The band split up in 2002. During the time away, Green pretty much retired while Broadrick explored sounds that were either more organic (Jesu), more experimental (Greymachine), or more ambient (Final) than Godflesh. The two reunited in 2010 and four years after that released the comeback A World Lit Only by Fire.

And it was heavy. By God, was it ever heavy.

If this new beginning was a parallel excursion to the heralded debut, then it shouldn’t be a shock that the follow-up Post Self is a coextensive microcosm of the band’s latter material, which would branch off in different directions, not all of them metal. Actually most of them were even more at odds with metal, even as their own influence was helping to change the genre from within.

Green’s bass is reminiscent of the band’s past experiments with dub and other primarily electronic mediums. Imagine you’re on a street corner and you see a car at a red light… its windows are closed, but the music is cranked just a few notches louder than the stereo can manage. It’s a little muffled; it’s a lot distorted. Nothing even remotely trebly escapes into the ambient air. And that light stays red forever. And it’s Peter Hook playing that bass. (Well, maybe not that interesting, as Green himself will likely concede, but with the same rambunctiousness and energy and loud volume of the early Joy Division stuff).

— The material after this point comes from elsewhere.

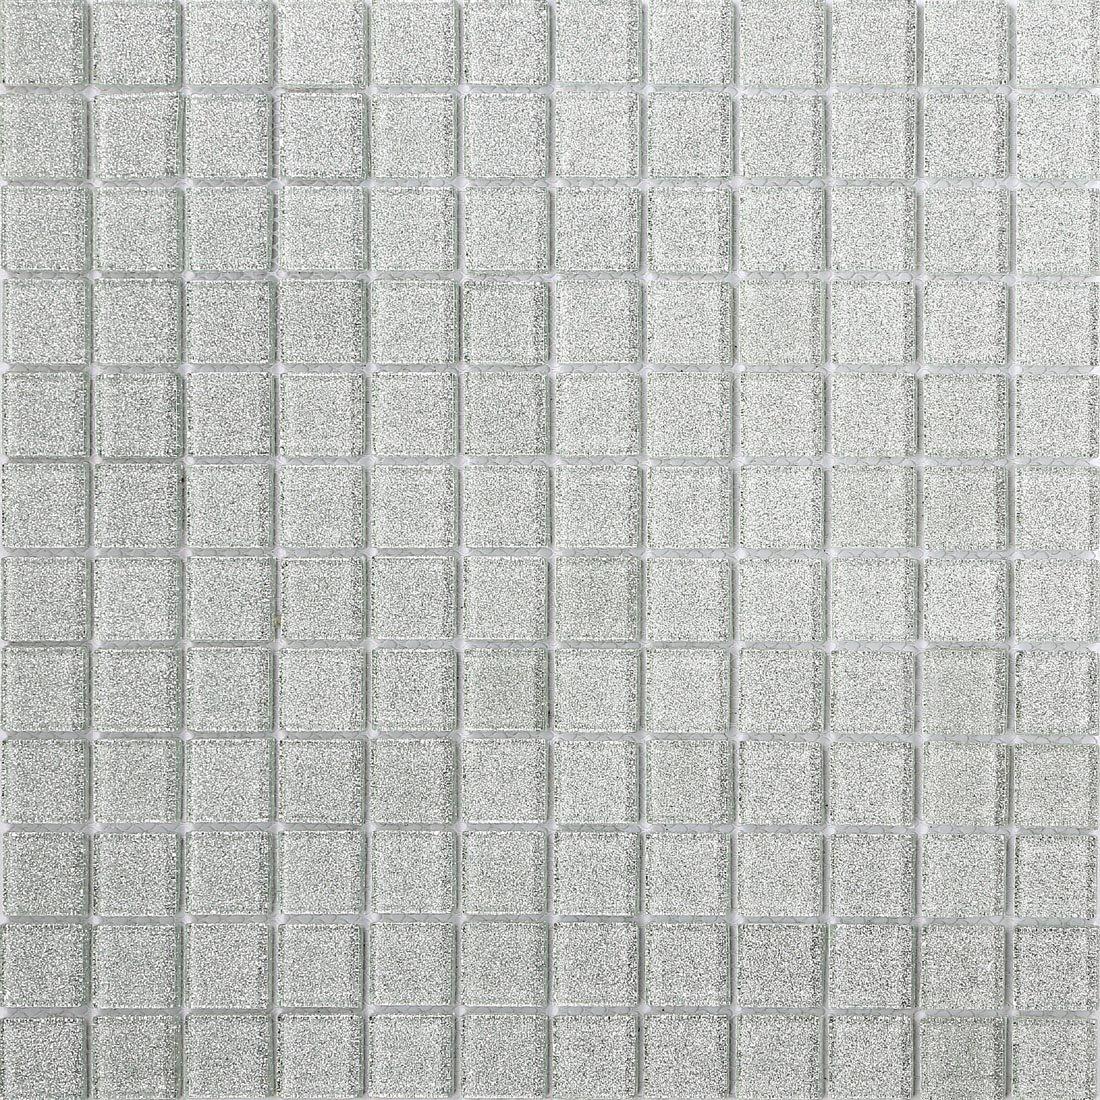 30cm x 30cm Glitter Silver Glass Mosaic Tiles Sheet (MT0073) Grand Taps

If Green provides the throbbing heartbeat, Broadrick is the blood it pumps. His trademark monosyllabic grunts are like an additional percussive force just as prominent and pulverizing as the mechanized rhythms. However his guitar rarely falls into the familiar downtuned riffs that make up Godflesh’s most iconic material. Instead he strangles psychedelic spasms out of his instrument: minimalistic flourishes that never overwhelm the sparse, dense, compressed roughage.

The galloping title track embodies the classic Godflesh sound more than anything else on the album, which may be why it is the first song, quickly over with. Once that gets out of the way things quickly go into somewhat uncharted territory. “Parasite” is the discomfort of Big Black set to a Helmet-like march; “Mortality Sorrow” seems like the darker sister-track to “My Name is Norman Bates” by 1980s synthpop purveyors Landscape (check out the creepy low-budget, low-fi early MTV-era video on YouTube); “The Cyclic End” is magnificent shoegaze without a hint of the blackened influence that has infiltrated the genre as of late. And it doesn’t need it, really.

Despite the outward rejection of metallic tropes, Post Self is a solid entry into the Godflesh cannon. The melodrama of “Pre Self” that mimics classic Goth, the grinding intensity of “Mirror of Finite Light,” the way “In Your Shadow” is Laibach if they were a post-punk band, and the way ethereal album closer “The Infinite End” — these all make you feel like you’re burning in water, drowning in flame. It shows that the Godflesh doesn’t need metal to be heavy.

But by God, is it ever heavy.

— Brian O’Neill

Post Self releases on November 17th via Avalanche Recordings.